Money in the Bank is an annual professional wrestling event produced by WWE since 2010, which at the time was generally held between June and July. It was originally broadcast exclusively via pay-per-view (PPV) before it began simultaneously livestreaming on the WWE Network in 2014. The concept of the event comes from WWE's established Money in the Bank ladder match. Announced on December 27, 2016, the eighth Money in the Bank event was scheduled to take place on June 18, 2017, at the Scottrade Center in St. Louis, Missouri. Following the reintroduction of the brand extension in July 2016, in which WWE again divided its main roster between the Raw and SmackDown brands where wrestlers were exclusively assigned to perform, the 2017 event was held exclusively for SmackDown. Tickets went on sale on February 17 through Ticketmaster.

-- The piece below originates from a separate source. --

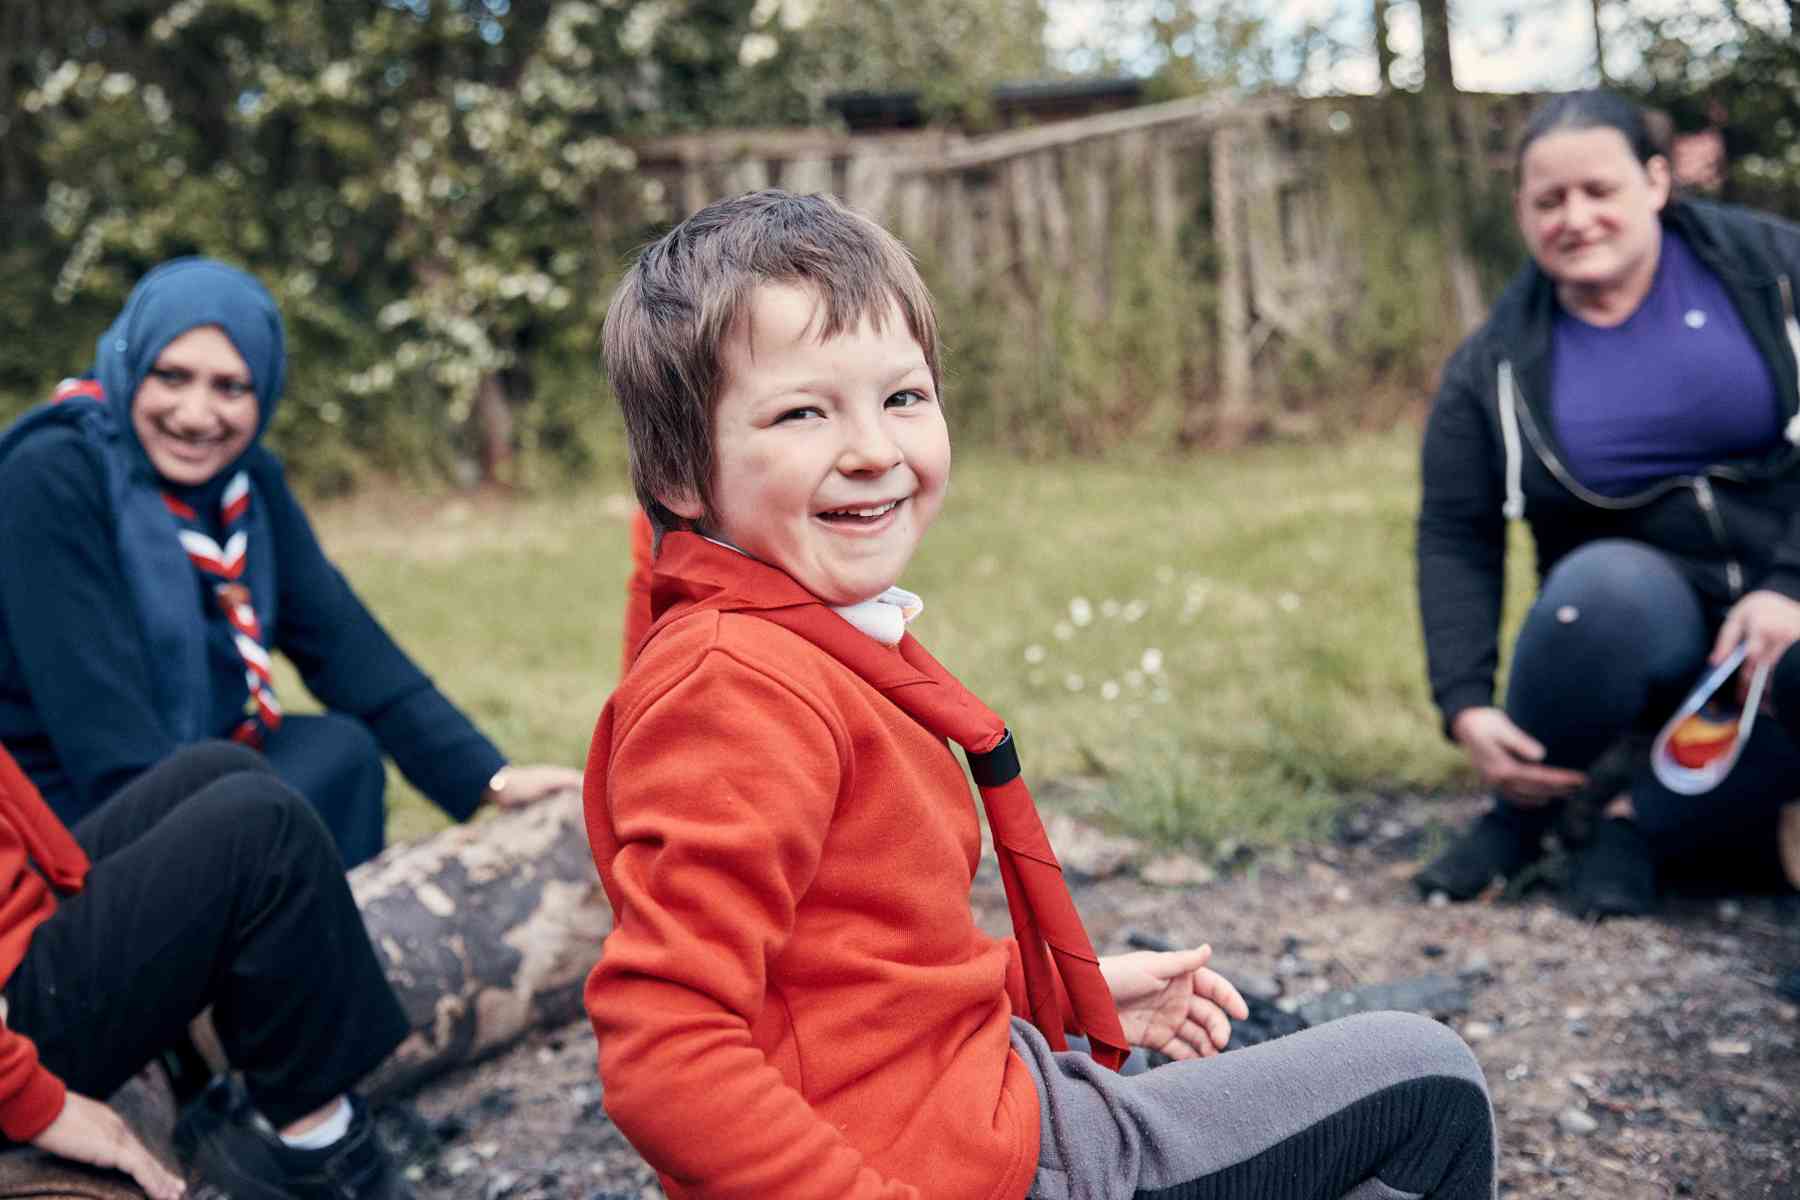 A young person, wearing a red jumper, smiles at the camera while two volunteers sit behind

The Money in the Bank ladder match features multiple wrestlers using ladders to retrieve a briefcase hanging above the ring. The briefcase contains a contract that guarantees the winner a match for a world championship at any time within the next year. Since the match's inception in 2005, it was exclusively held for men. For the first time in the history of the Money in the Bank ladder match, the 2017 event featured a women's version in addition to the men's. This subsequently made this the first Money in the Bank event since 2013 to have two namesake matches. As the 2017 event was SmackDown-exclusive, the respective male and female winners received title match contracts for SmackDown's world championships at the time: the men's WWE Championship and the SmackDown Women's Championship.

=== Storylines ===
The event comprised seven matches, including one on the Kickoff pre-show, that resulted from scripted storylines. Results were predetermined by WWE's writers on the SmackDown brand, while storylines were produced on WWE's weekly television show, SmackDown Live.

At Backlash, Jinder Mahal defeated Randy Orton to win his first WWE Championship with help from The Singh Brothers (Samir and Sunil Singh). On the following episode of SmackDown, Mahal held a Punjabi style celebration, while Commissioner Shane McMahon announced that Orton invoked his championship rematch for Money in the Bank. The following week, Orton declared that he would become a 14-time world champion in his hometown at Money in the Bank before he was interrupted by Mahal on the TitanTron. The following week, after Mahal defeated Mojo Rawley, he taunted Orton, who later responded that he had received supportive phone calls from Ric Flair, Harley Race, and his father "Cowboy" Bob Orton. On the final SmackDown before Money in the Bank, Mahal with The Singh Brothers came out and berated Orton. As Orton's music played, The Singh Brothers went to the ramp to stop him, but Orton snuck up from behind Mahal and executed an RKO before retreating into the crowd.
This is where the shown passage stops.